A Vent

Keepsmiling's picture

My dh had surgery to remove the upper lobe of his lung on Wednesday. Ysd and her spouse come in to see him last night. Ysd cut off all connection with us over a year ago. I called her to tell her about her dad. Ysd comes in last night and proceeds to cover my dh when he said he was cold. I immediately starting covering him up. I know it might seem petty; but she really yanks my last nerve. My OSD was there she did not try the same thing. The Ysd thinks it doesn't matter that she refused to come around for the last year. In addition SIL is giving me some heat about give her one more chance, she is young, she had noone to vent to her when her dad married me. You know I am the wicked witch of the west.This crap has been going on for almost 8 years. Not my fault; not my problem anymore. She did not want him to marry anyone. No kidding...she wants to be number 1 in his life.
Now, ysd is pregnant and of course you want to use the bathroom in his room.
I am so glad I can come here and vent.

Newimprvmodel's picture

I am so sorry about your husband... However, please know that not all cancers are terminal. I myself am a cancer survivor.....knock on wood!!
I think you can expect a lot more drama and contact with your stepdaughters. Cancer scares the crap out of most everyone, and likely your steps will have some guilt...which is a powerful mover of people. I realize your anger and can relate, but I think in this situation you should let your husband lead.. Try not to burden him with your emotions involving his dsughters, ESP the one he was estranged from....
Sit back, support your husband and yourself, and just let it unfold between them....
And come here and rant if you feel the need!!! Hugs.....

Towanda's picture

I am sorry about your DH cancer also.

Funny, at least she acted normal and probably a little guilty since she showed up for DH's surgery. My two step d's just took the opportunity to lay on more vile hate. Never did anything but write long letters about what an awful I am, how stupid he is for being with me (for 10 happy years), come back to them, what a jerk he is......not even," How are you?"
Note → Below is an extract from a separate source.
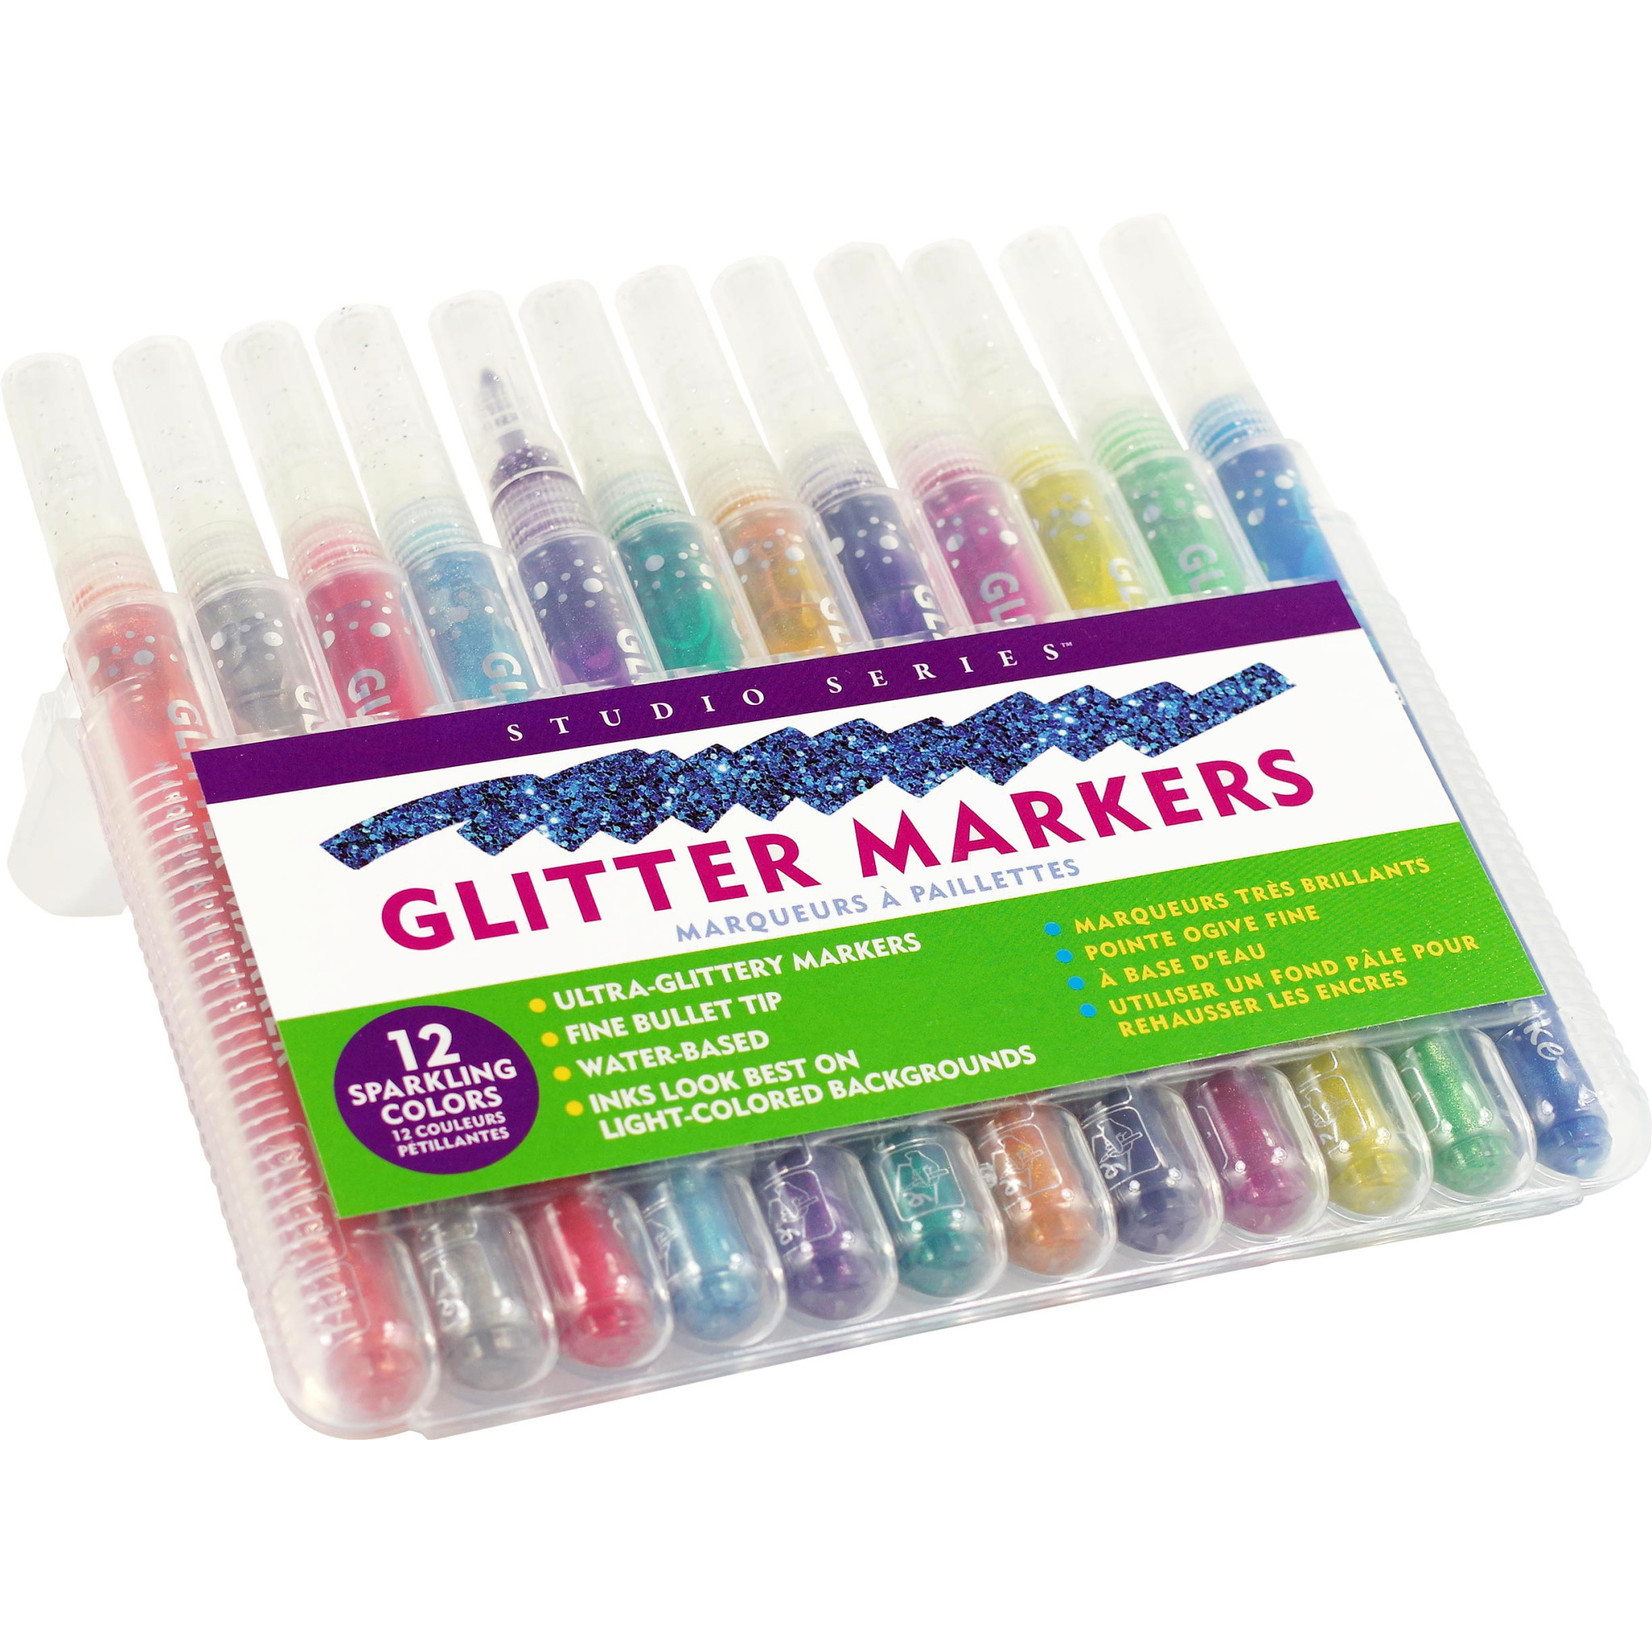 Peter Pauper Press Studio Series - Glitter Marker Set (12-piece set)

I never in a million years thought they would continue their campaign when they found out he was seriously ill. Never. I thought they would grow up and realize how short life is . Guess I was seriously mistaken. Their own mother died of colon cancer. You would think that just maybe, deep down inside they would have some empathy, love, remorse about the way they behaved with their dad.

Just remember they are all adults and you need to take care of yourself and your DH!

Keepsmiling's picture

StepAside thank you for your comments. My Osd is a blessing. She has been staying with me and doing anything I need. DH has not heard from ysd since she visited him in the hospital. And you can bet ysd will blame me - you know I made her feel uncomfortable.

shes driving me crazy in my retirement's picture

Sorry about your husband. Your ysd is probably just feeling guilty for not being around before this, and well she should. You are lucky with your osd, it is nice that you both get along.